The woman looked up resentfully. “Your messages.”

“This last one—Mr. Sidney. Who is Mr. Sidney?”

“A personal call, that was.”

Oh yes, Isabel thought. Colin. Who’s going to leave home for me. She sat down at her desk and took the evening paper out of her bag. She read of a car-crash and a dog that had drowned. She did not want to go home, did not relish the evening ahead of her. But then she did not look forward, either, to the next working day. There is something radically wrong with my life, she thought, that I have fallen to such vicious amusements; and such stretches of emptiness between them.

It was almost seven when Isabel arrived home. The house was a brick-built bungalow, ten years old, of a solid and uninspired design. The lamps burned at each side of the wrought-iron gates, but Mr. Field had not drawn the curtains. She put the car into the garage, and let herself in at the front door.

There were no lights on in the hall, and before she found the switch she caught her foot against something soft, lying beside the telephone table. She bent down and explored it with one hand. It was a plastic carrier bag, a small one full of laundry. A tablecloth—which had been clean, she thought—a few pairs of socks, one shirt. Token laundry, this. Damp blue powder clung to her fingertips. She flicked it off. Her heart began to beat faster. Anger and fear, she thought, fight, and flight. If only we could ever do either. She tried to calm herself, standing with one hand against the wall. Mr. Field appeared at the top of the stairs.

“Is that you, Bella? You’re very late.”

“Just as well, it seems to me.”

He cringed at her tone.

“Come down here,” she said.

“I’ll make you a cup of tea. Oh Bella, please don’t work yourself up.”

He came down and stood before her, blinking and contrite, a man of seventy.

“You’ve been drinking,” she said.

“Just a nip.”

She kicked out viciously at the bag of laundry. “There’s nothing wrong with the washing machine.”

“Bella, I have to have some life. Your mother left me.”

“The launderette. Why?”

“Meet someone.”

“Anybody in particular?”

“No,” he mumbled. “But you can always find someone at the Washerama.”

Her mouth was dry. She could picture them, loose-mouthed women with bare blue legs, buttons hanging off their coats. It was in the autumn that you noticed them. Had they any homes to go to?

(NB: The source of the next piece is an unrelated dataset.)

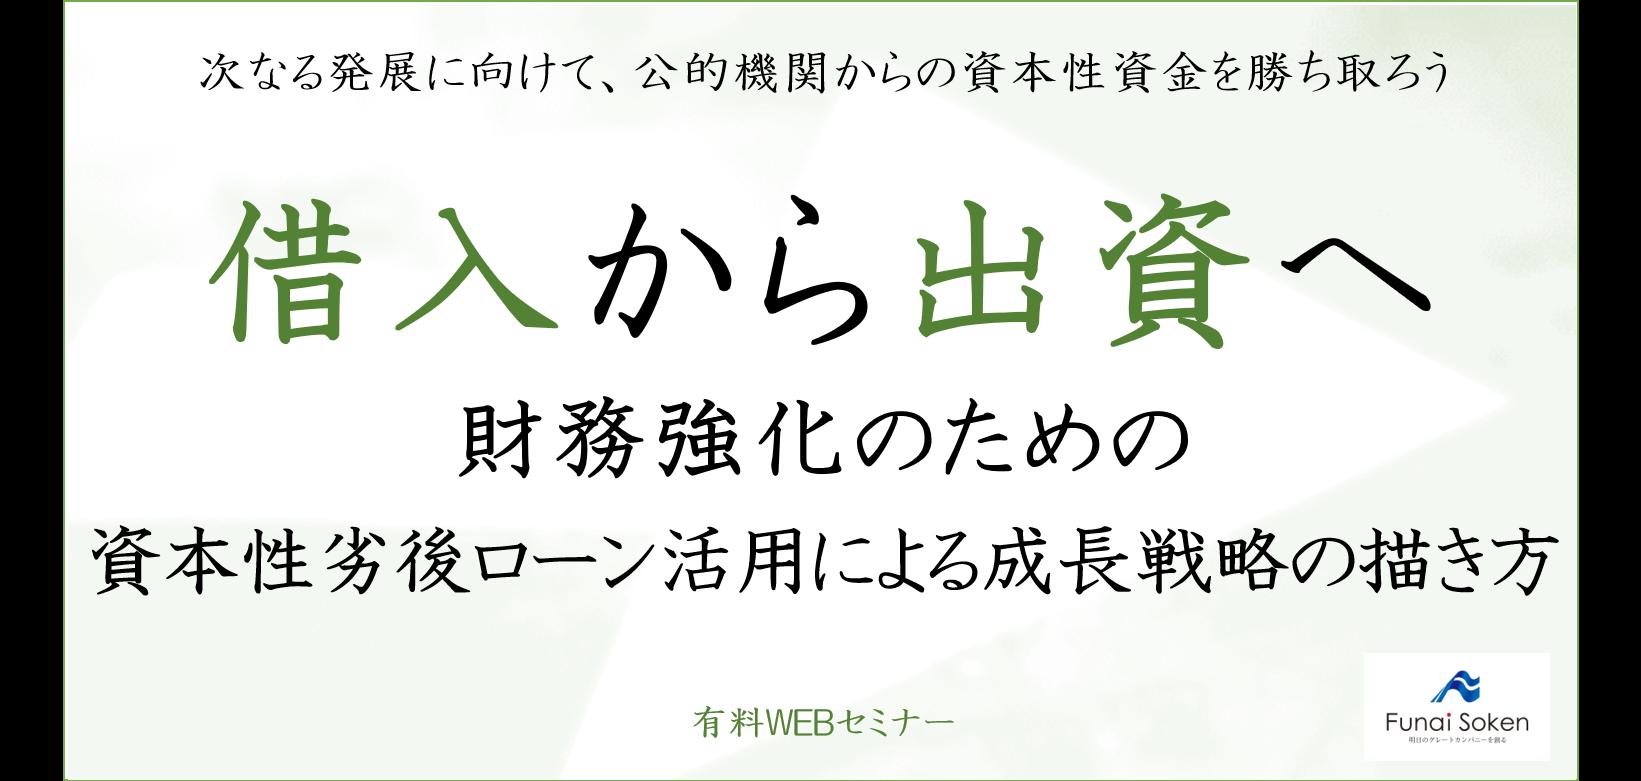 【webセミナー】資本性ローン活用による成長戦略の進め方

“I suppose you brought her back with you. Do you have to bring them here?”

“It’s too cold for the park. Be human, Bella.”

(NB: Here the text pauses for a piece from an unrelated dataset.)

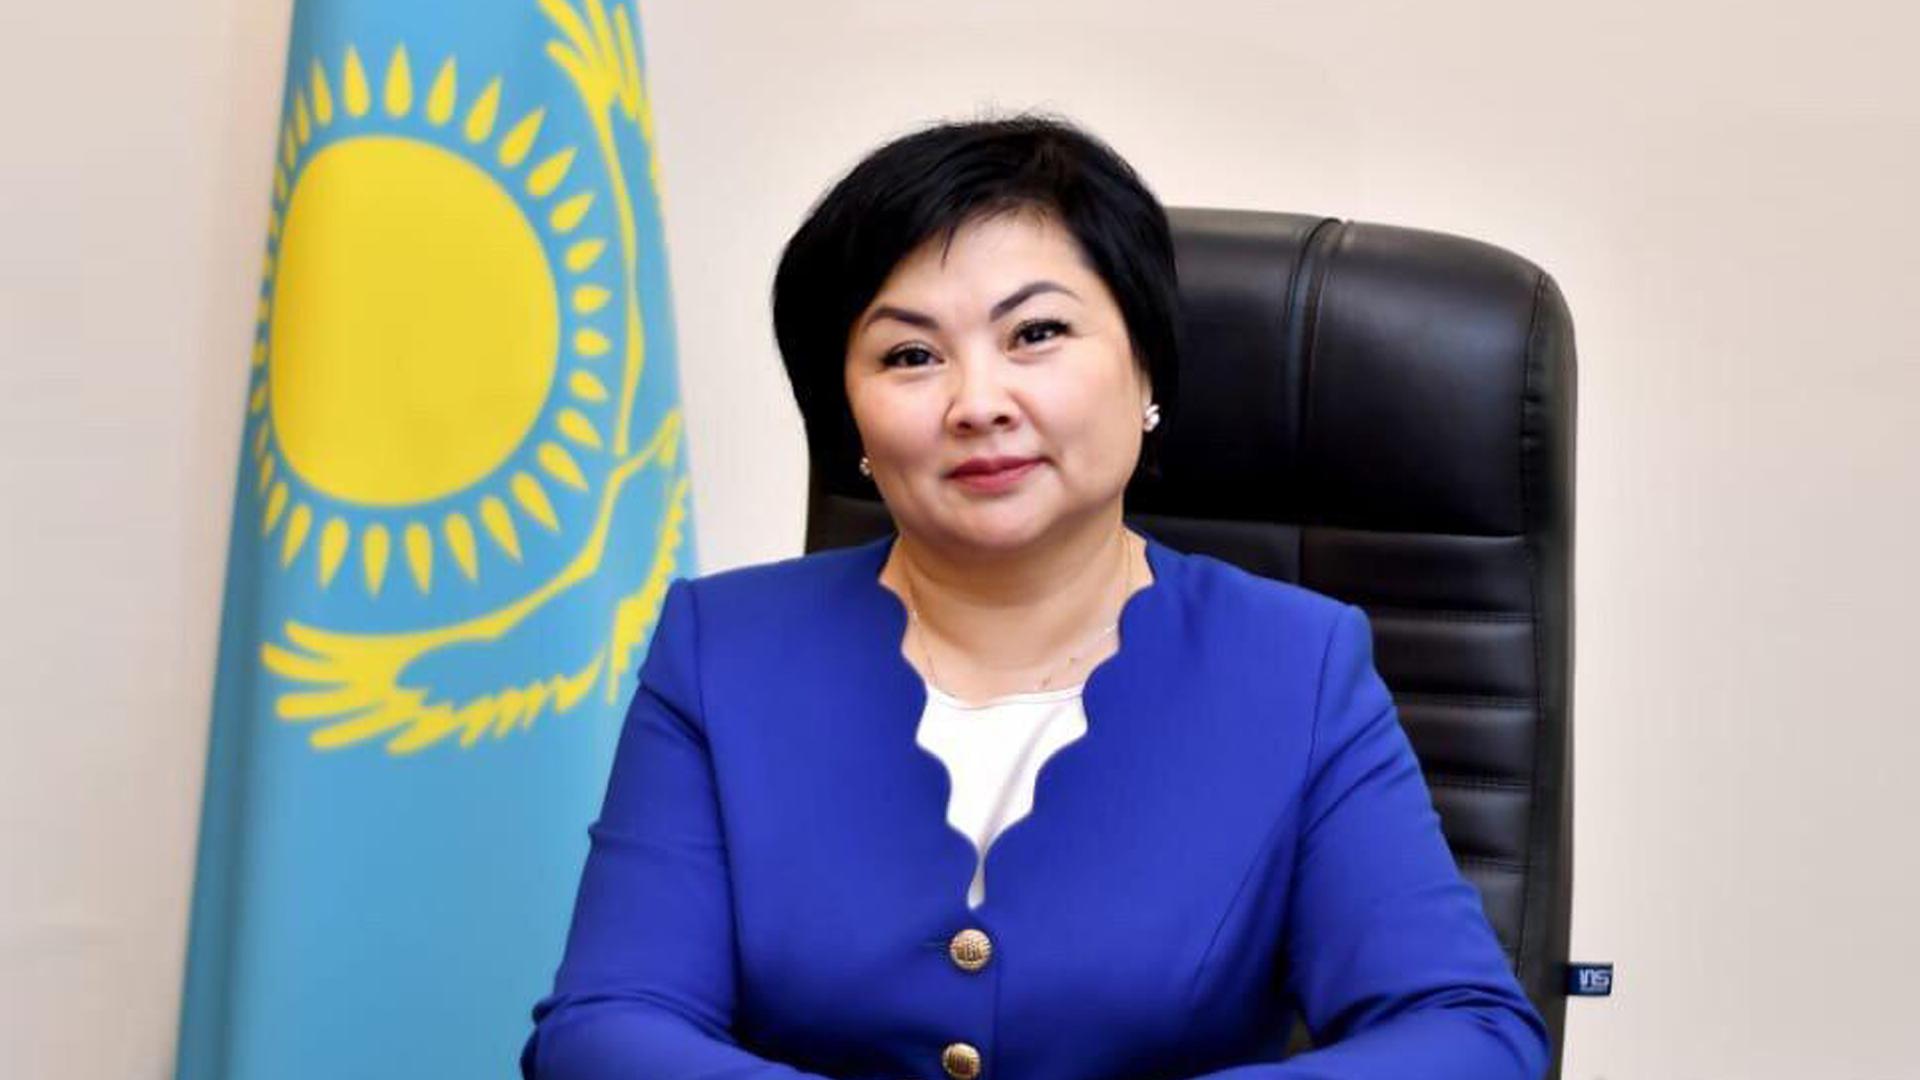 Шолпан Каринова ҚР білім және ғылым вице-министрі болып тағайындалды

“Oh, I feel sorry for you, I really do, having to get a bundle of washing together. I suppose otherwise the attendant turns you out, does she?”

“They watch you. They’re mean old cows. But they can’t stop people talking to each other, can they? Lonely people, Bella, like your father.”

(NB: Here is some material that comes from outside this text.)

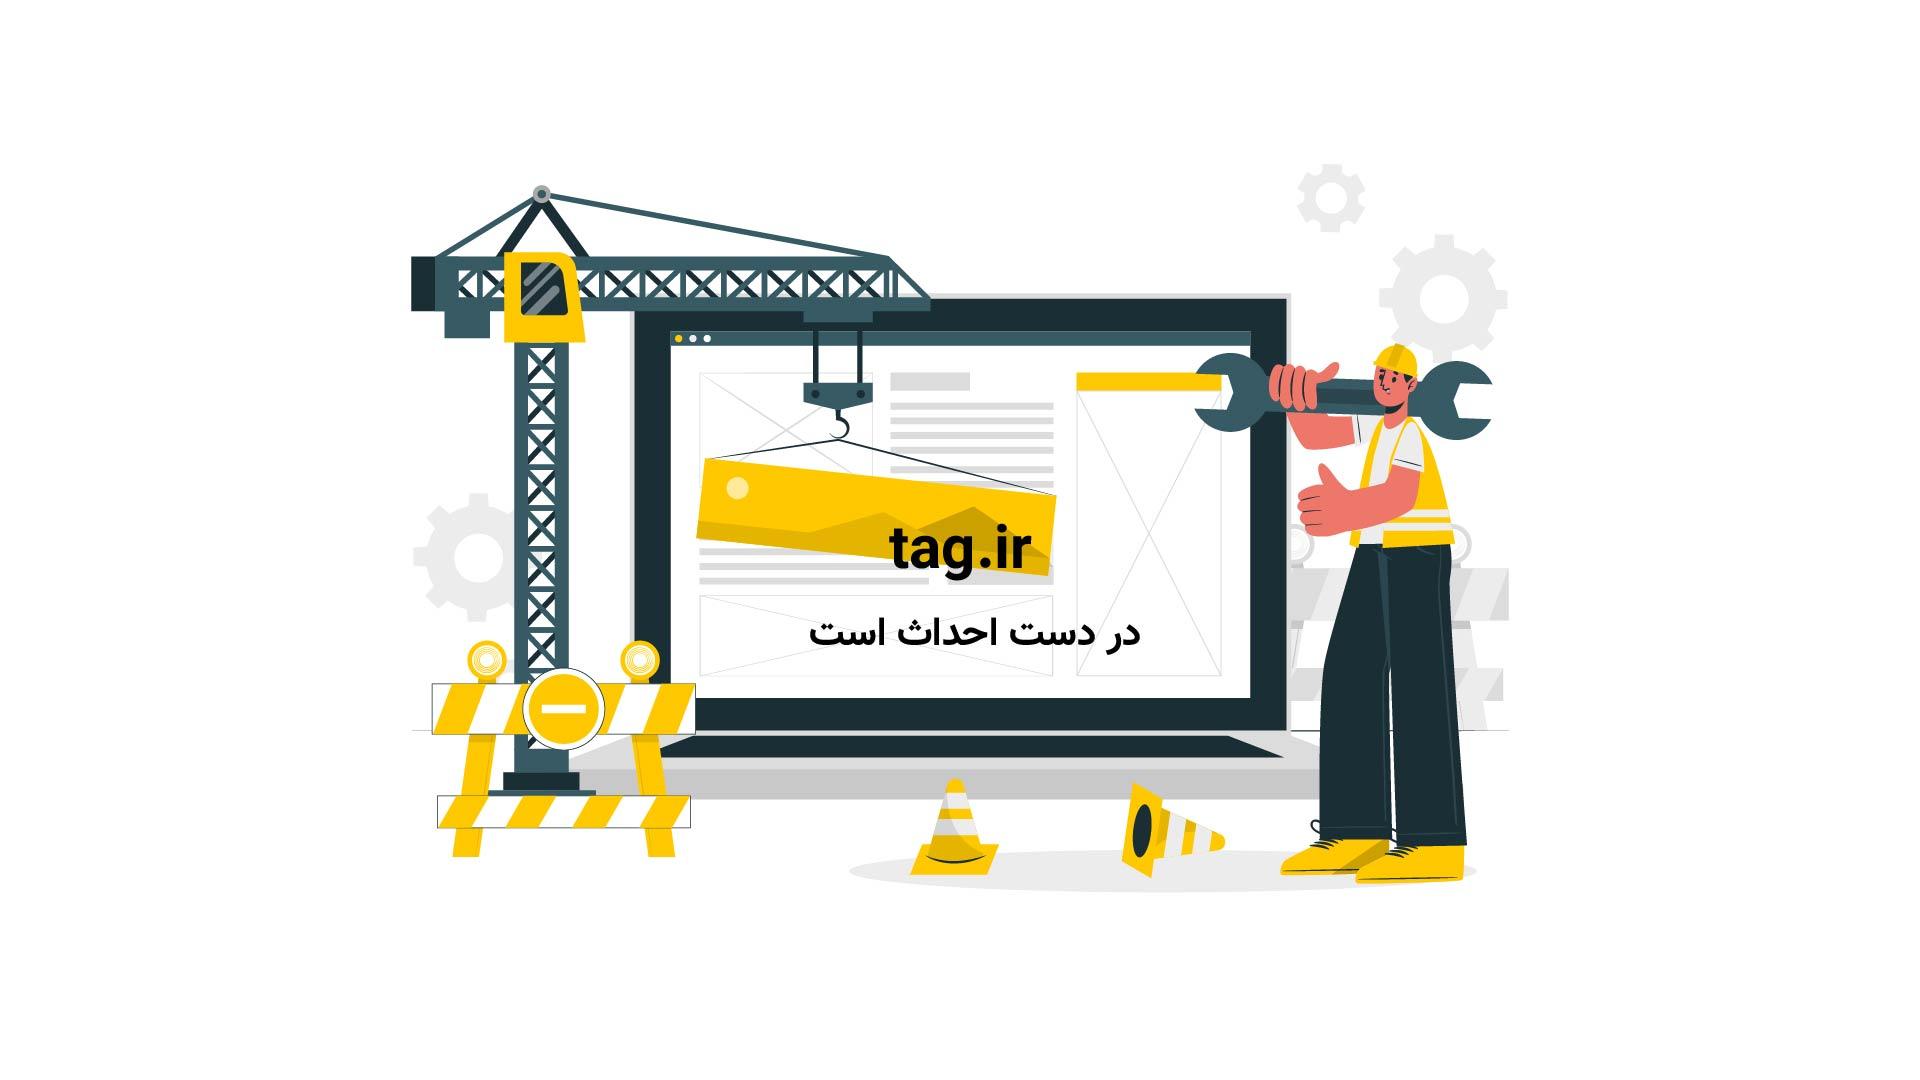 جنگل های نیوزیلند | تگ

“Oh, don’t start with that pathetic tone. You nauseate me. What happened to Woolworth’s café? That was favourite last year, wasn’t it?”

He turned away, moving slowly towards the kitchen. “I’ll put the kettle on,” he said.

“You disgust me,” she shouted after him. “Take the sheets off your bed and put them in the machine. I’m not going into your room.”

I always say that, she thought, but I shall have to go, and look at his clothes for lice. What can I do to stop him, whatever can I do? Unshed tears were choking her. She blundered into the living-room, snapped on the TV and slumped in front of it, staring without seeing, biting her lip till it bled.

“London Bridge is falling down,” Muriel sings, “bawling round, trolling frown.” One word is as good as the next. Her mother tells her she is going to have a child. She is making plans to sing to it.

When is it going to be born, Muriel wants to know. Tonight? You stupid, stupid girl, Evelyn says to her. She glowers. You should know that, not me. Despairing, she reminds herself how little comprehension Muriel has ever shown of past or future. Look, she said, you count, nine months. Nine months from the day you…got it.